We don’t know what Biden will ultimately decide—and there’s good reason to assume he’ll say no after all—but what we do know is that, if he jumps into the race, he’ll have his work cut out for him. Hillary Clinton has been routinely battered by bad press this year but she remains incredibly popular with Democrats, many of whom would love to elect the first female U.S. president. She also has a massive head start in fundraising, organizing, endorsements, and pretty much any other campaign category you can imagine. It’s conceivable that the buzz Biden’s late entry would generate would help him close some of those gaps, but Clinton would remain the odds-on favorite to be the one accepting her party’s nomination in Philadelphia next summer.
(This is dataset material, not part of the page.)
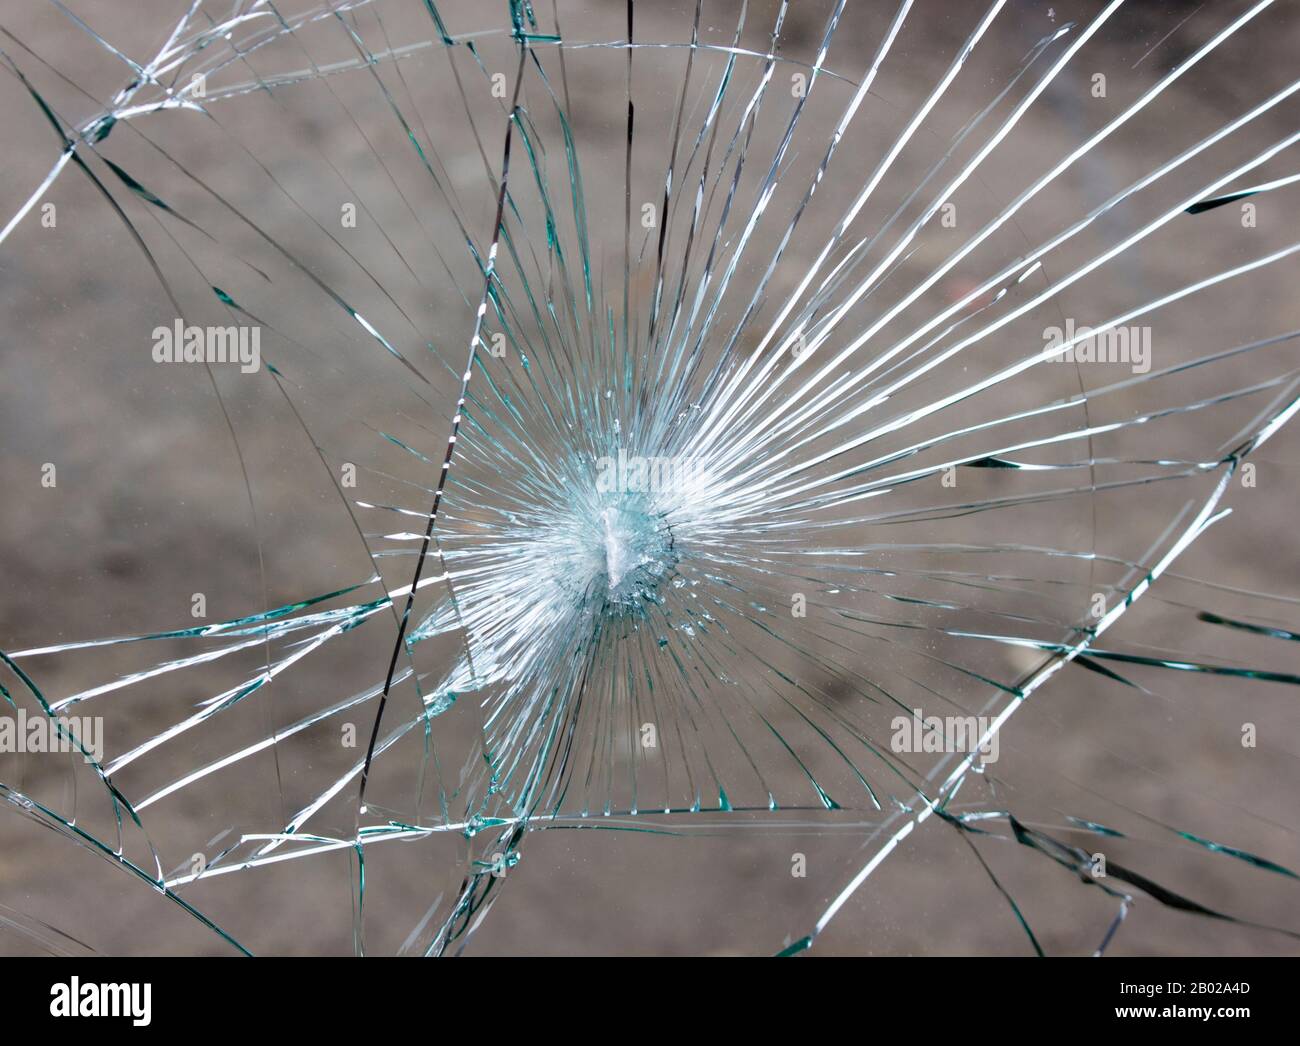 Pare-brise de voiture cassé, fissures dans le verre en raison d'un accident. Banque D'Images

Setting aside whether Biden could win the nomination, though, it’s worth considering just how much he would fundamentally alter the Democratic race just by entering it. (And if you think it’s way too early for this type of speculation—well, there’s a browser extension for that.) Liberals who have been desperate for an Anybody-But-Clinton(-As-Long-As-We-Can-Still-Win) candidate would finally have someone to get excited about. Media outlets that would prefer the drama of a contested primary to the boredom of a coronation—read: all of them—would provide Biden’s campaign with all the attention he could ever want. And his presence on the debate stage this fall would likely change a Hillary vs. the Field sparring round into a head-to-head slugfest between two bold-faced names in the Democratic Party.

More importantly, Biden’s entry could force Clinton to pick a lane. To date, the former secretary of state has been able to be two things to two sets of voters: to mainstream Democrats and left-leaning independents, she is promising a third Obama term; to progressives with one foot in the party and one out of it, she is promising a more liberal administration than the current one.

Without Biden, then, Clinton has laid claim to pretty much the entire liberal landscape, save the sliver being held down by Bernie Sanders. With Biden, though, she’d have to cede ground somewhere—or risk watching Biden take it—although it’s unclear where she’d want to land.

As I’ve explained before, Clinton has already moved left further and faster than almost anyone had expected. But her leftward shifts on criminal justice, immigration, and other issues were largely by her own choosing, and the moves have been safe: While most of her chosen causes are progressive in nature, they also poll relatively well across the political spectrum. It’s unclear how much further she’d be willing to go. And even if she were to try, she’d no doubt have a difficult time convincing already skeptical progressives who have long distrusted her Wall Street ties and her husband’s history of triangulation.

Still, she might have to, because simply promising another Obama term becomes its own awkward proposition if BFD Biden is in the race. As the sitting vice president, he would have a much easier time presenting himself as Obama’s obvious successor. For the past six years, he’s been the president’s right-hand man—sometimes quite literally—on everything from Iran to gun control to Obamacare. And on those rare occasions he (accidentally) broke with his boss, it turned out for the best.

Still, while Biden’s long been a happy warrior, he hasn’t exactly been the best one on the national stage. The same gaffe-filled authenticity that has seemed quaint the past half-decade would be a liability on the campaign trail—even in a year when voters have shown a real hunger for less polished candidates. His 1988 presidential bid didn’t even last to the end of 1987, and his 2008 run ended shortly after a lackluster showing in Iowa. If Biden runs in 2016, it will probably matter less for him than it will for Hillary Clinton.